Run it on your own data: ADAPTING_TO_A_NEW_DATABASE.md — instantiate
gemeo-<your-substrate>on any MEDS v0.4.1 EHR in ~5 min of GPU.
| Task | GEMEO | Strong baseline | Margin |
|---|---|---|---|
| New-onset prediction (Top-1) | 53.7% | 38.2% (frequency) | +15.5 pp |
| Will-change (AUROC) | 0.906 | 0.889 (count-based) | +0.017 |
| Transition-within-12mo (AUROC) | 0.827 | 0.790 (count-based) | +0.037 |
| Treatment discontinuation (AUROC) | 0.838 | 0.696 (count-based) | +0.142 |
GEMEO leads on every novelty and long-context task. The recurrence-aware objective makes the model predict novel events, not repeats — so these are real signal, not autocorrelation. The world model's learned representation pulls clearly ahead exactly where the 2026 EHR literature predicts it should: context-rich tasks like treatment discontinuation (dropout drives bad outcomes in rare disease), where it beats count-based methods by +0.142 AUROC (arXiv 2511.00782).
architecture/ GEMEO Architecture spec v1 + v2, diagram, gemeo_bench.py (conformance CLI)
pillars/ Pillar A (KG proposer) + Pillar C (swarm verifier) + demos
reference_impl/ the Diffusion-Forcing world-model code (AGPL-3.0)
benchmark/ RareBench-BR Trajectory v2 — datasheet, leaderboard, baselines
paper/ the paper (md + pdf) + figures
reproducers/ Modal scripts for every experiment (~$6 total GPU)
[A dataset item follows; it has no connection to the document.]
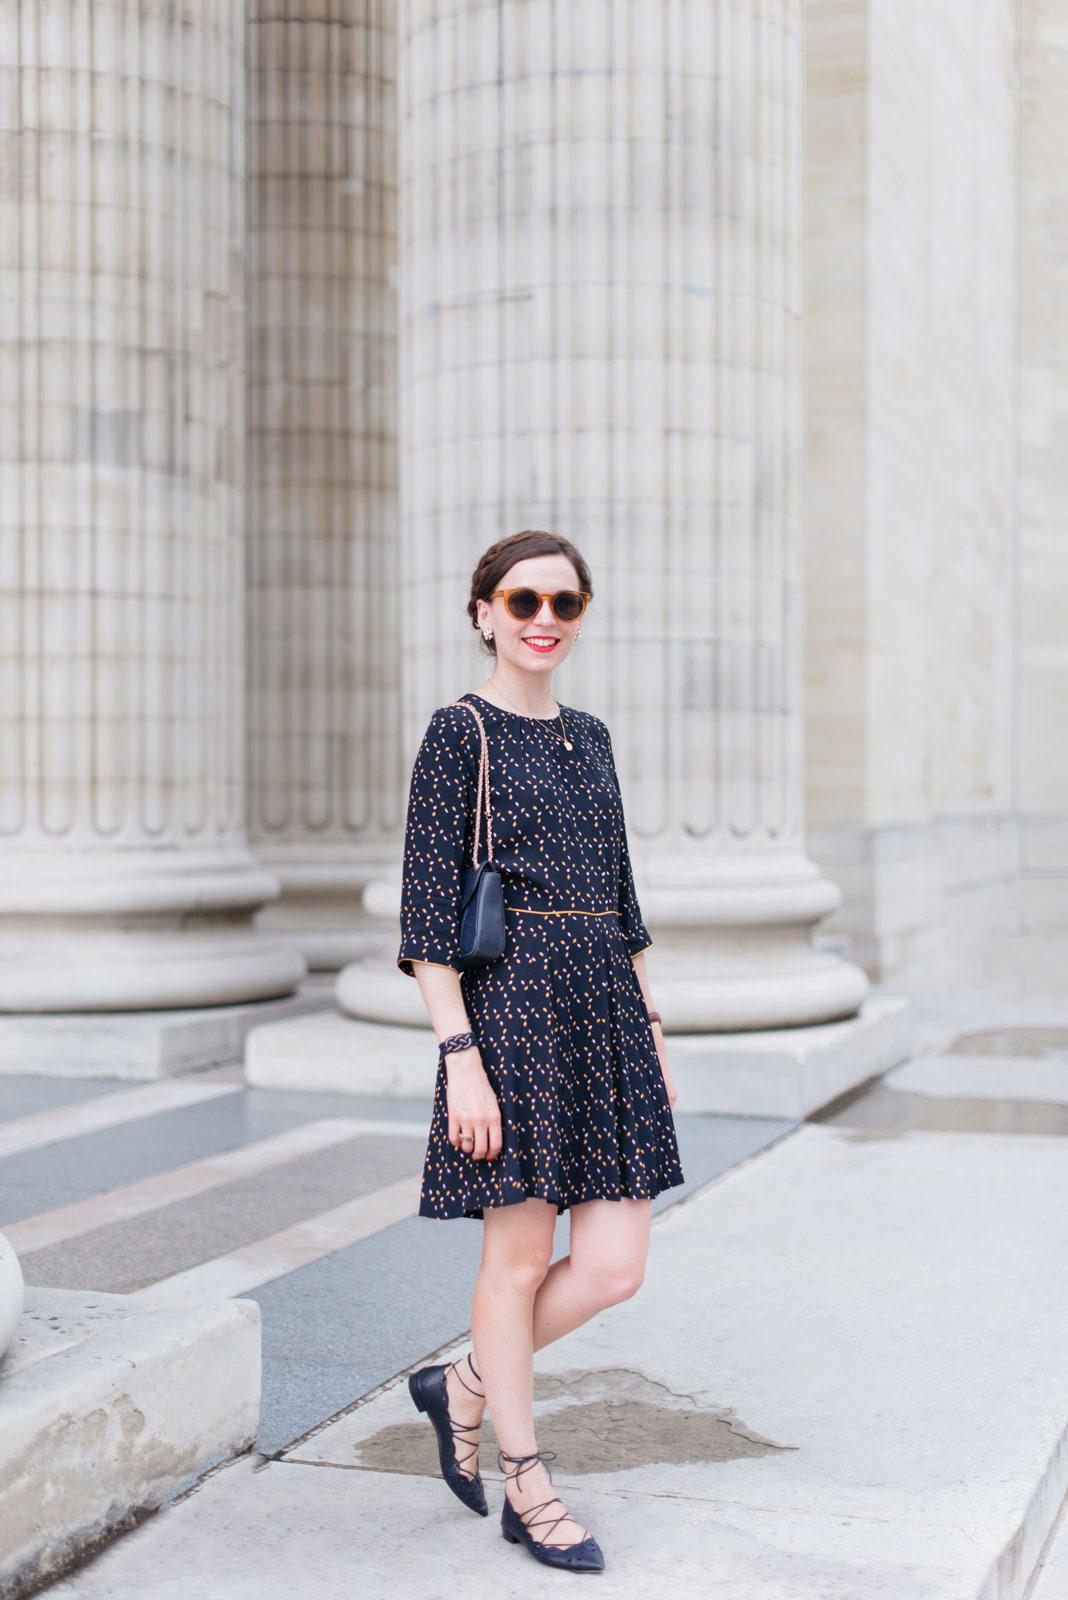 Blog-Mode-And-The-City-Looks-La-Petite-Francaise
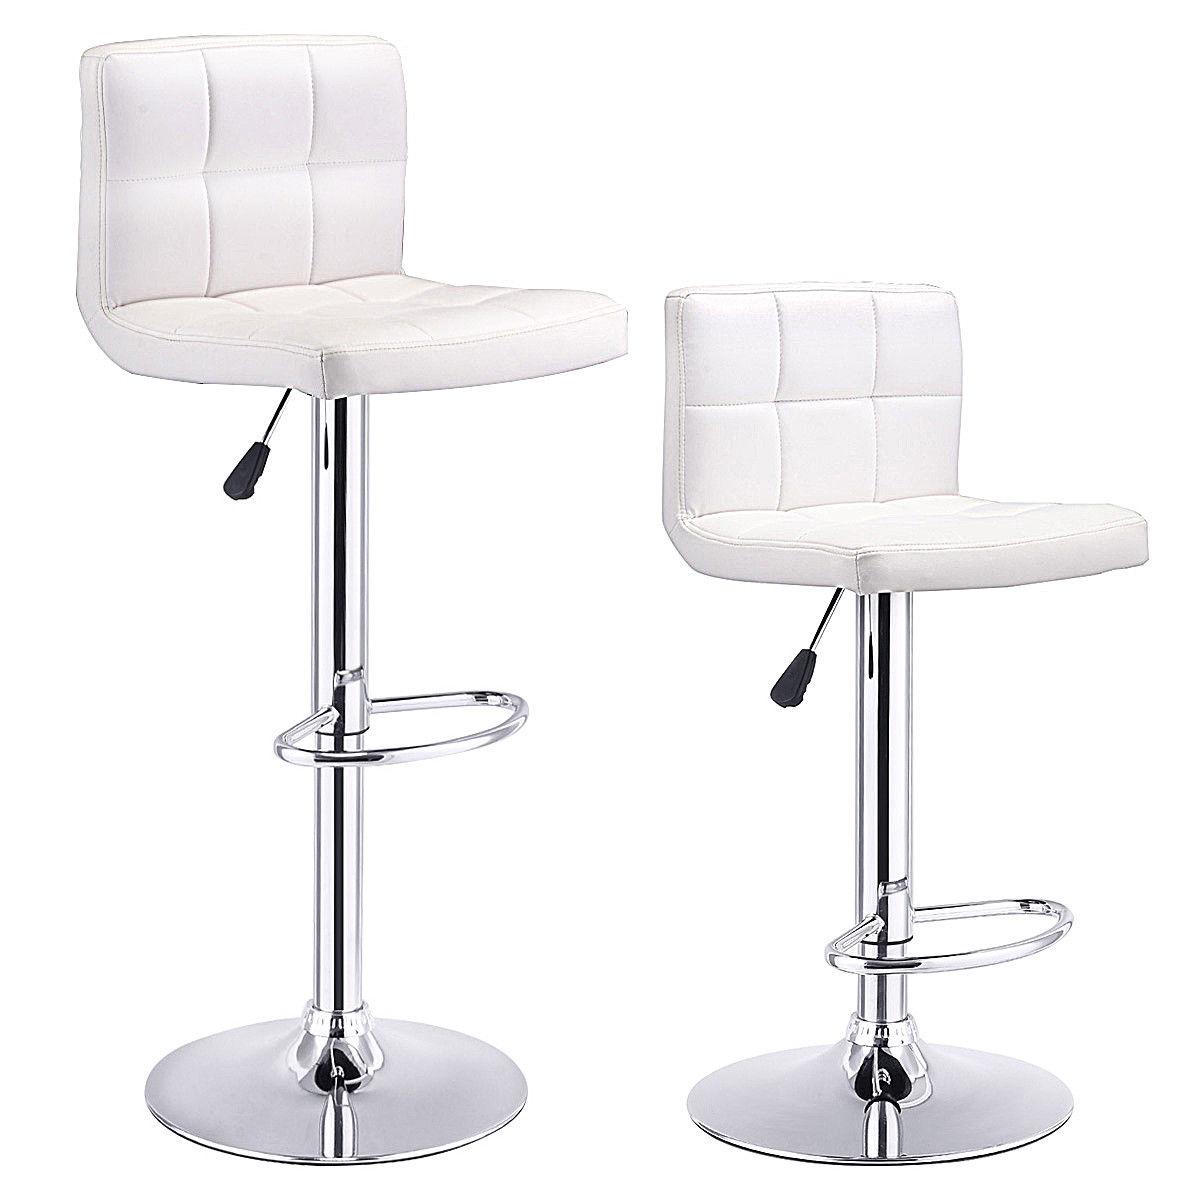 Costway Set Of 2 Bar Stools PU Leather Adjustable Barstool Swivel Pub Chairs White

- Architecture + conformance suite: https://huggingface.co/Raras-AI/gemeo-arch
- Flagship model (recurrence-aware): https://huggingface.co/Raras-AI/gemeo-sus
- Application layer (6 inference modes): https://huggingface.co/Raras-AI/gemeo-twin-stack
- Benchmark (first rare-disease trajectory benchmark): https://huggingface.co/datasets/Raras-AI/rarebench-br-trajectory
- Diffusion-Forcing backbone with per-token σ
- Gated cross-attention to a real biomedical KG (PrimeKG)
- MEDS v0.4.1 event substrate
- Bootstrap-then-learn pattern per inference mode
- Bidirectional health-system grounding (PCDT / formulary)
- Audit-driven training
- (v2) Recurrence-aware onset objective (defeats autocorrelation)
- (v2) Competing-risks first-onset head
- (v2) KG zero-shot onset proposer
- (v2) Agentic verification with traceable evidence
Run python architecture/gemeo_bench.py check <checkpoint> to test conformance.
Open the recipe, keep the spice. See LICENSING.md for full terms.
- Source code (architecture, pillars, reference implementation, reproducers): AGPL-3.0 — adopt and build on it freely, with attribution. A reference architecture only becomes a standard if people can use it.
- Model weights (
gemeo-sus, …) and the RareBench-BR benchmark: CC-BY-NC 4.0 on Hugging Face — no commercial reuse of our trained artifacts/data without a separate agreement. - Held back on purpose (not in this repo): the proprietary DATASUS ETL (raw SIH/SIA/APAC/SIM extraction, CNS-hash linkage, trajectory construction), the cohort/preprocessing heuristics that confer an advantage, and the future multimodal (Mayo) substrate. The public
meds_export.pyconsumes an already-built trajectory file — it does not produce one.
@misc{gemeo_2026,
title = {GEMEO: Validated on Brazilian SUS Data},
author = {Timmers, Dimas and Kawassaki, Alexandre and the Raras AI team},
year = {2026},
url = {https://github.com/rarasAI/gemeo}
}Builds on: Diffusion Forcing (Chen NeurIPS 2024), PrimeKG (Chandak Nature 2023), RAVEN (arXiv 2603.24562), CAMP (arXiv 2604.00085), DeepRare (Nature 2026), the clinical world-model rubric (arXiv 2511.16333).